Read: 1 Kings 19:1-18
“It is enough! Now, Lord, take my life, for I am no better than my fathers!” (1 Kings 19:4). Elijah lay down, utterly exhausted. The thrilling Mt. Carmel victory over Baal’s prophets seemed a distant memory. He’d been so sure that a spectacular demonstration of God’s power would turn Israel back to God. So sure that he could succeed where the prophets before him had failed. But Baal’s humiliation only hardened Jezebel’s heart, and Ahab’s with her. Instead of surrendering to God, they swore vengeance.
This tempestuous reaction flung Elijah into a violent disturbance of disappointment, crushing him beneath relentless winds of failure. His zealous efforts for God had all been in vain. A hunted man standing alone, he was no better than his forebears, after all. Death seemed the only remaining option.

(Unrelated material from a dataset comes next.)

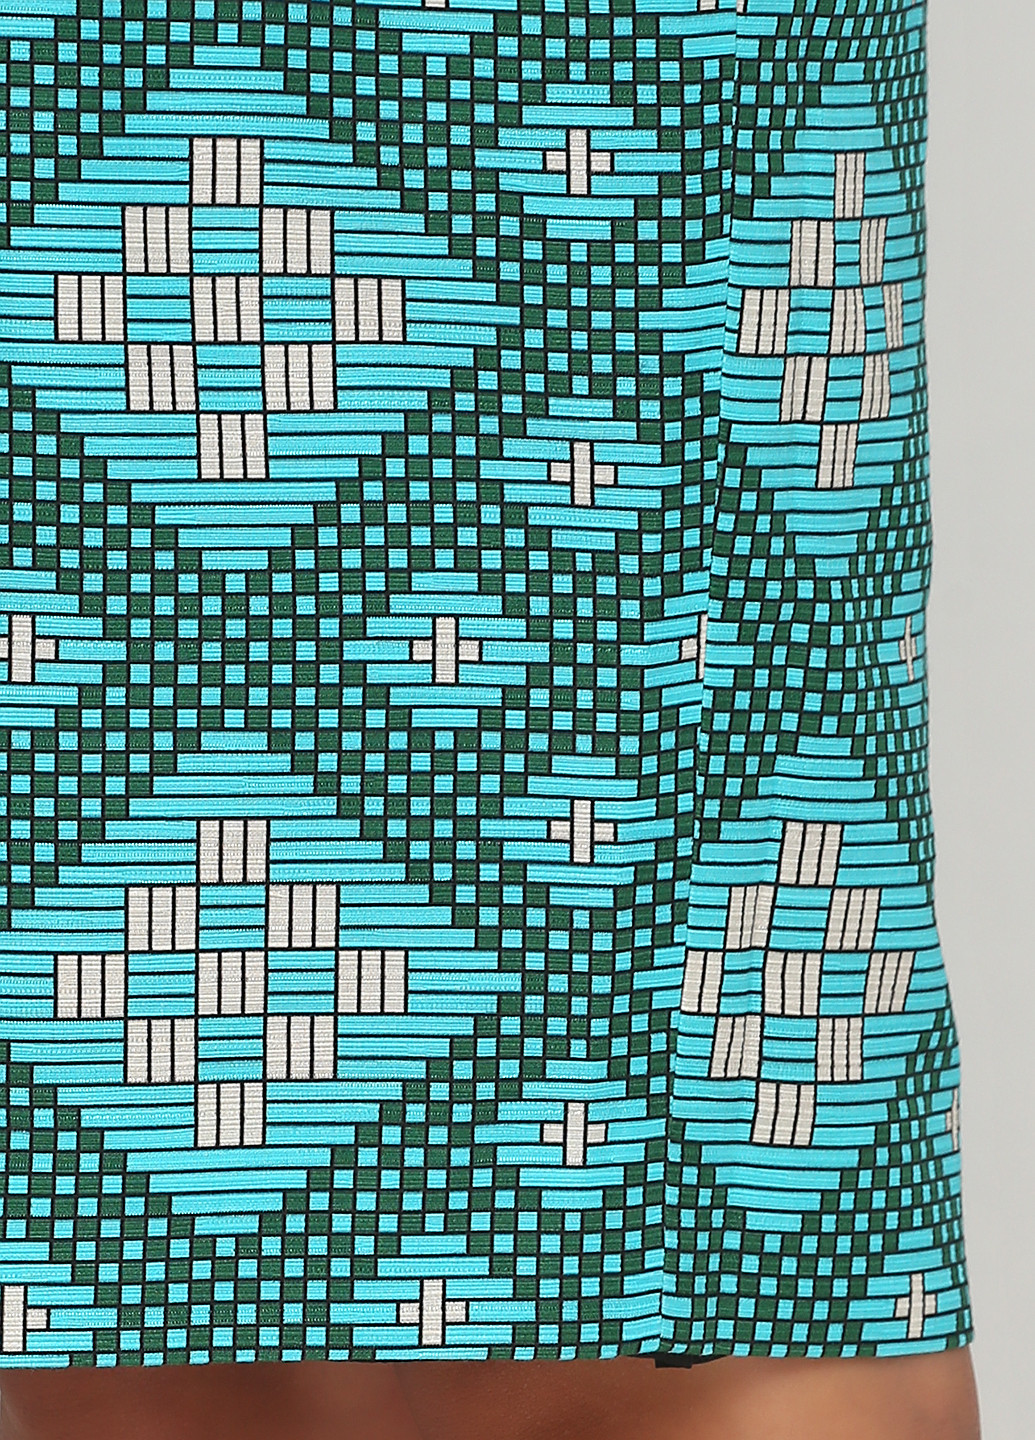 Бирюзовая кэжуал с геометрическим узором юбка Jonathan Saunders карандаш

And so he ran until his strength gave out. But still the storm raged within. Finally God demonstrated that He wasn’t in the storm, earthquake or fire that threatened to engulf the prophet’s soul. God spoke, and His still, small voice restored Elijah’s peace and sense of purpose.

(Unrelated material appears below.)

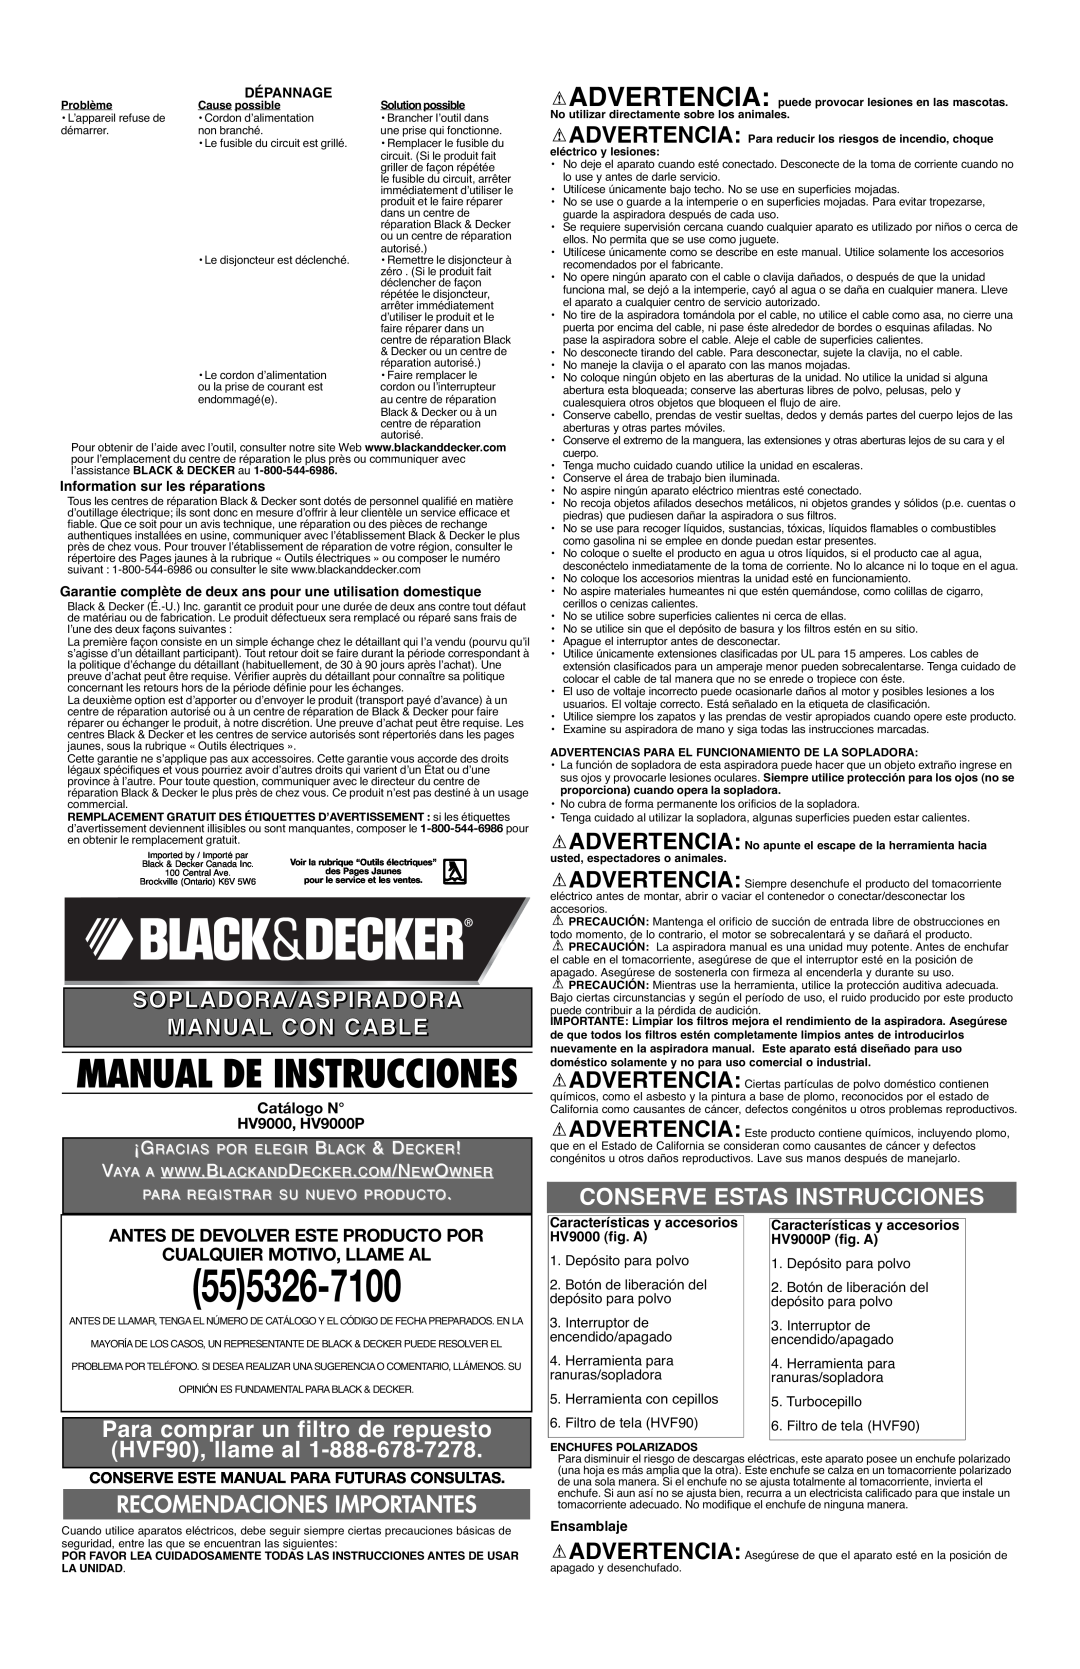 Black & Decker HV9000 Manual De Instrucciones, Sopladora/Aspiradora Manual Con Cable, Conserve Estas Instrucciones

For years, I wondered about what I considered Elijah’s moody tendencies. What could have made him fall apart the way he did, especially after such a mountain top experience? Then, I experienced some crushing disappointments of my own; disappointments which followed amazing accomplishments. Tossed about in the waves of erratic and often inexplicable behavior, I began to see the light in this human mystery.
I had a good understanding of how dangerous and terrifying storms of nature can be. But I had never grasped the threat in a storm of the soul. Descending suddenly and intensely, soul storms can do the greatest damage of all – blindsiding us into flights of panic, which most often tend to be in a direction away from God.

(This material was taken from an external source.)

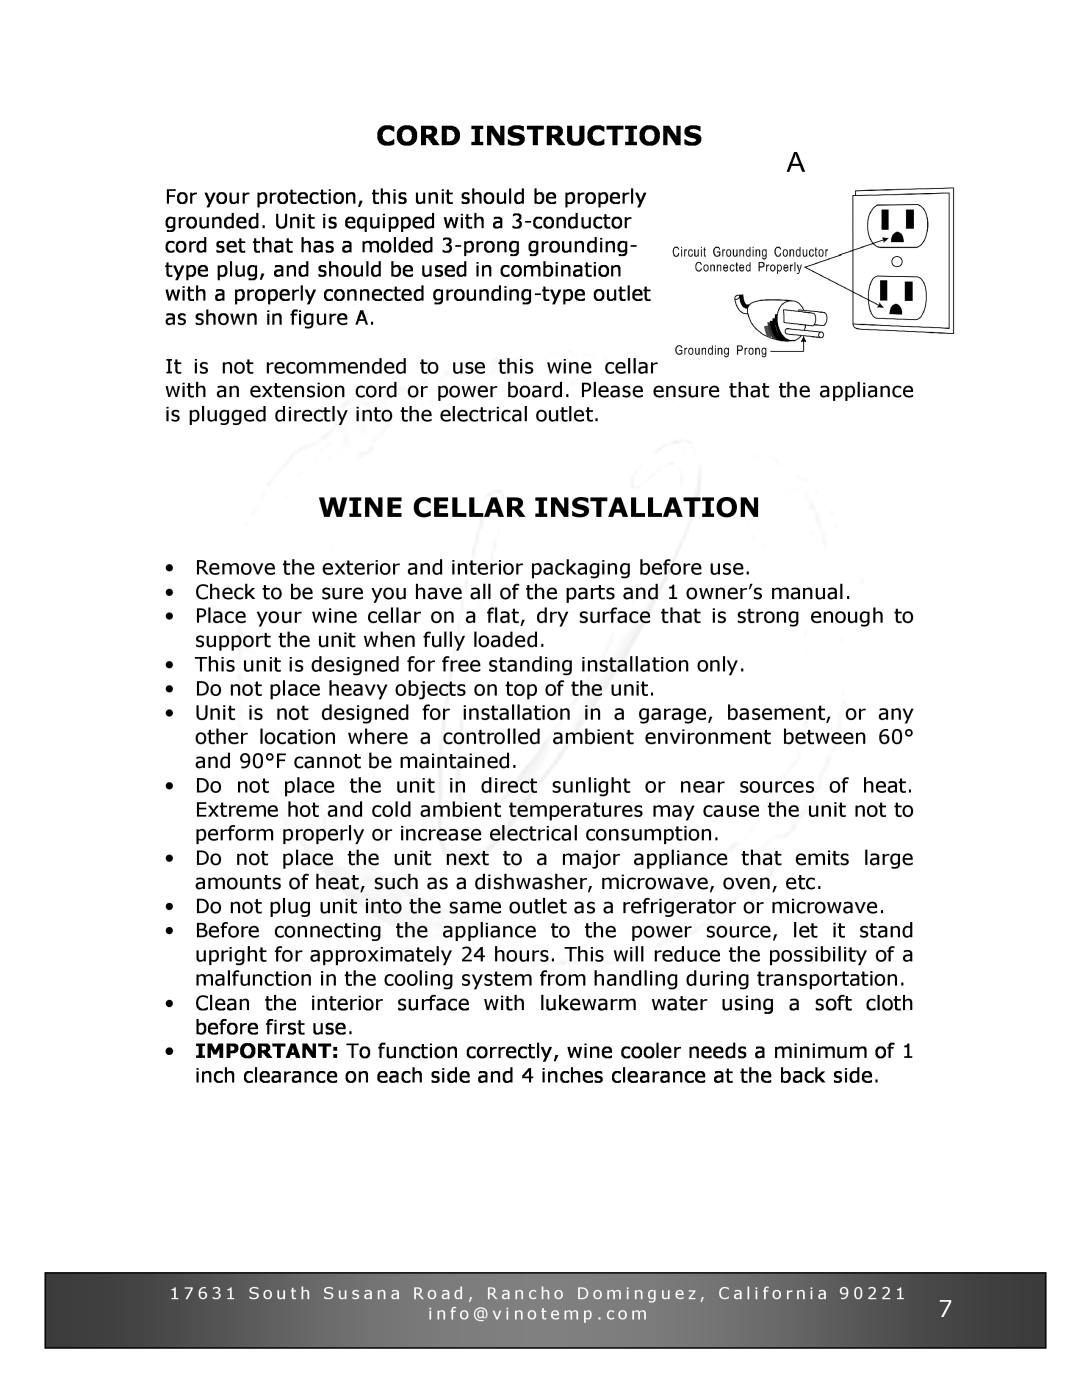 Vinotemp VT-34 TS owner manual Cord Instructions, Wine Cellar Installation

Jesus told us to expect storms around us, but He promised us peace in their midst, as we keep our focus on Him. The moment our gaze shifts, the storms begin to make their way in, ripping apart everything in their way. It was just such a shift in focus that caused Peter to sink.
No matter how wild the storm, or how insurmountable the odds appear to be, take this Old Testament counsel with you this week and always – ‘stand still and see God’s salvation’ (Exodus 14:13 and 2 Chronicles 20:17); you’ll be glad you did.